Discussions kicked-off with a question on how serious a problem there is with the current level of clinical trial reporting. David Tovey, Deputy CEO and Editor-In-Chief of the Cochrane Library, feels there is a big problem, and it directly affects patient care. He explained that, since we quantify benefits and harms of specific treatments based on evidence, the absence of full access to the data skews clinical decision making. Systematic reviews, regarded as the highest level of evidence for medical interventions, are undermined when there isn’t full disclosure or data is incompletely reported. Bina Rawal, Director of Medical, Innovation and Research at the Association of the British Pharmaceutical Industry, thinks the situation is improving and that lessons have been learned; though, Tovey warned that we should not just look prospectively – a patient visiting their doctor today will be prescribed drugs that are available today, not those that may be available in the future. Mahdi Farhan, Group Clinical Director, Roche Products Ltd, added that there are missed opportunities within the pharmaceutical industry to share data with clinicians, researchers and other members of industry.

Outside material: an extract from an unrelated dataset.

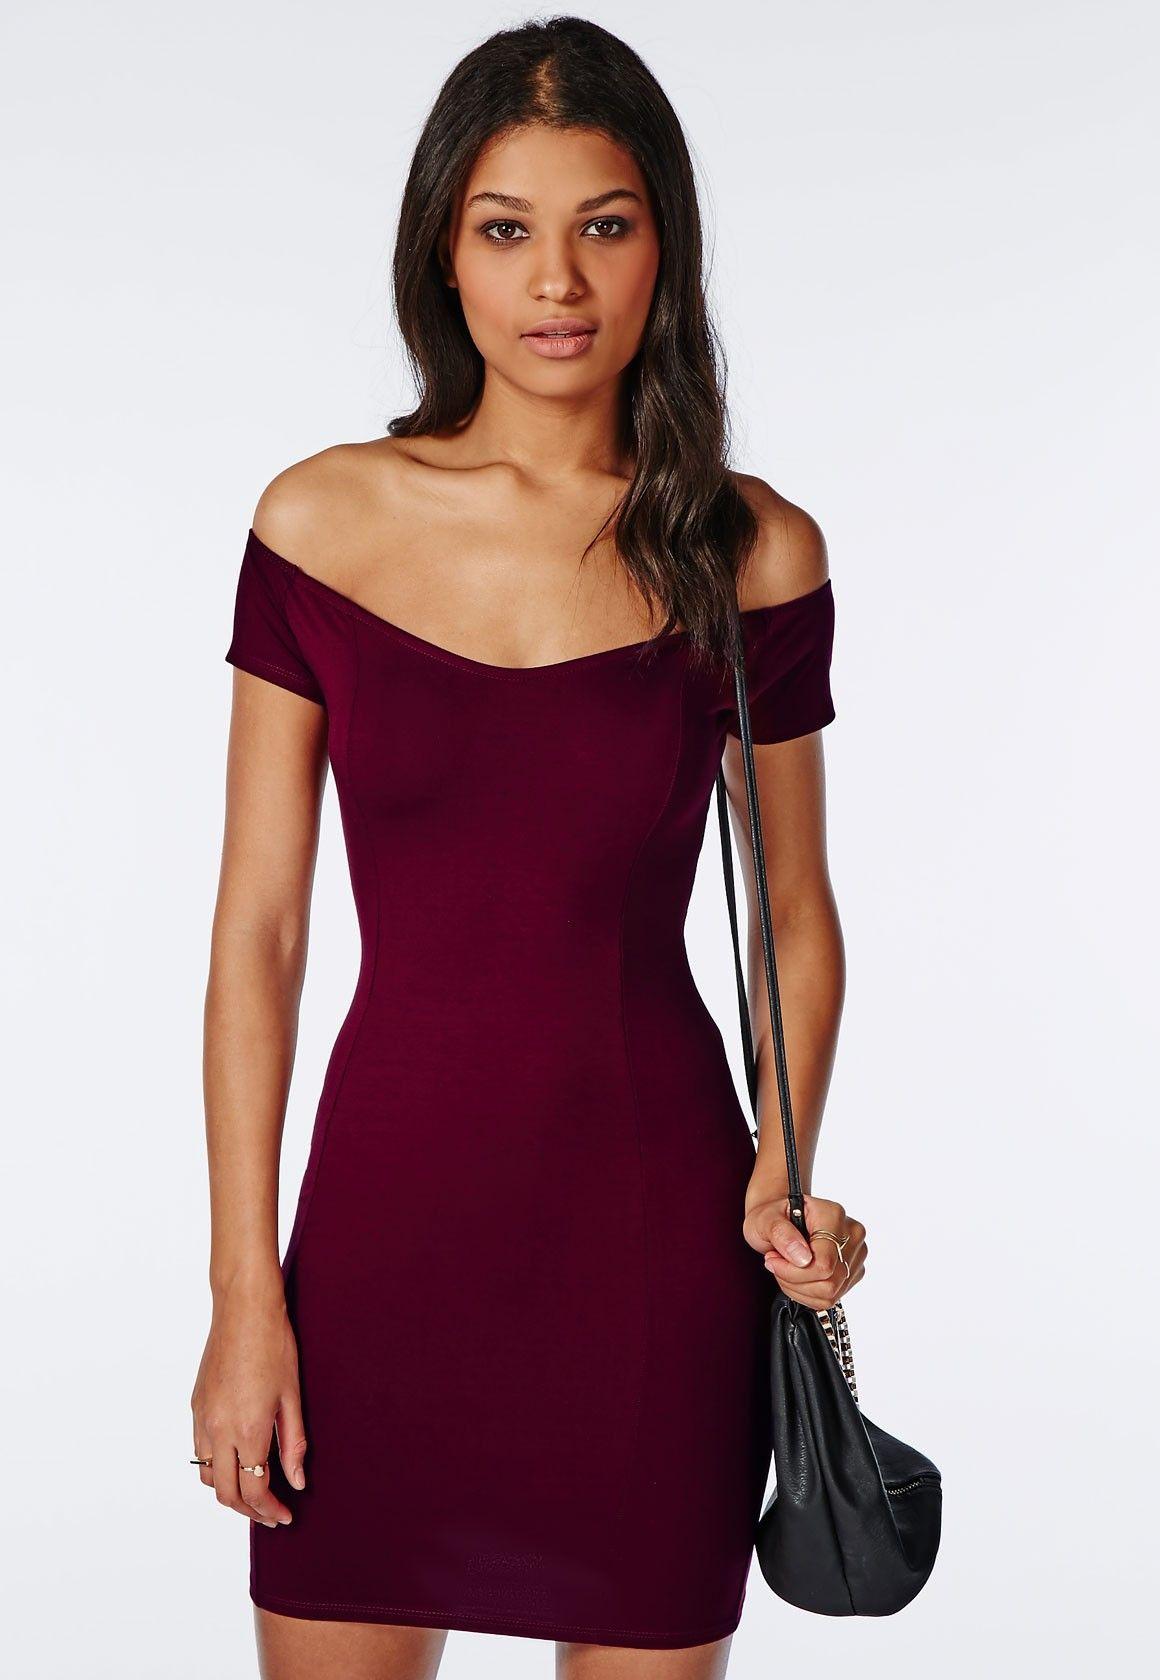 Jersey Bardot Bodycon Dress Burgundy - Dresses - Bodycon Dresses ...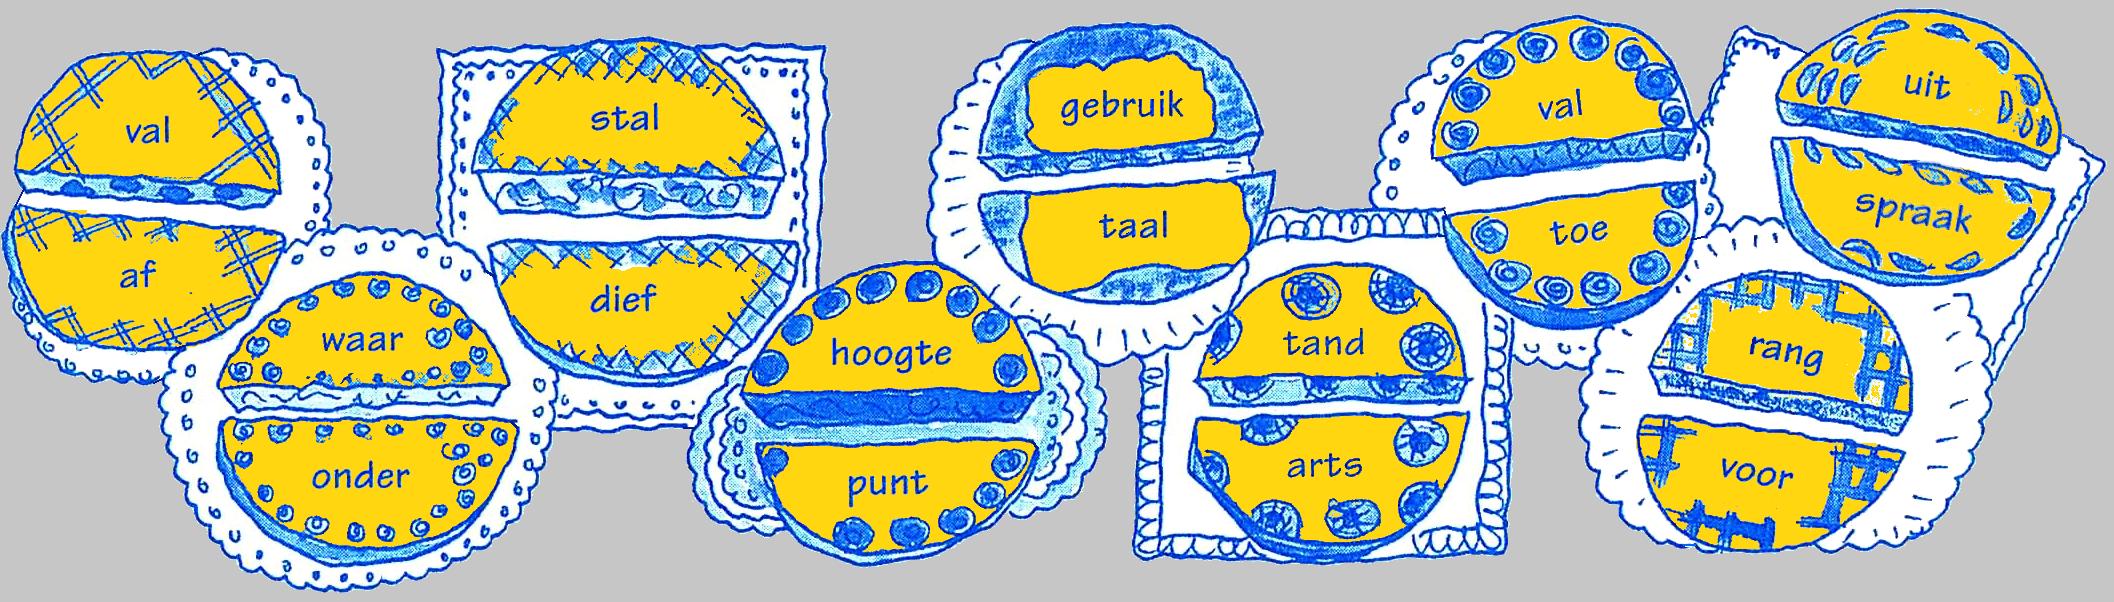 Taal actief spelling groep 6

Panellists were asked whether academics and non-profit organisations should be held to the same level of disclosure as industry and all agreed they should. Deborah Ashby, Professor of Medical Statistics and Clinical Trials and co-Director of Imperial Clinical Trials Unit explained that the problem is not limited to clinical trials or to industry. To her, the principles are clear: “all trials, all data should be out there. We owe that to patients who took part; we owe that to future patients”, but she added that “the devil is in the detail” explaining that there are complex practical issues around responsibility for data from historical trials, infrastructure, and confidentiality with patient data.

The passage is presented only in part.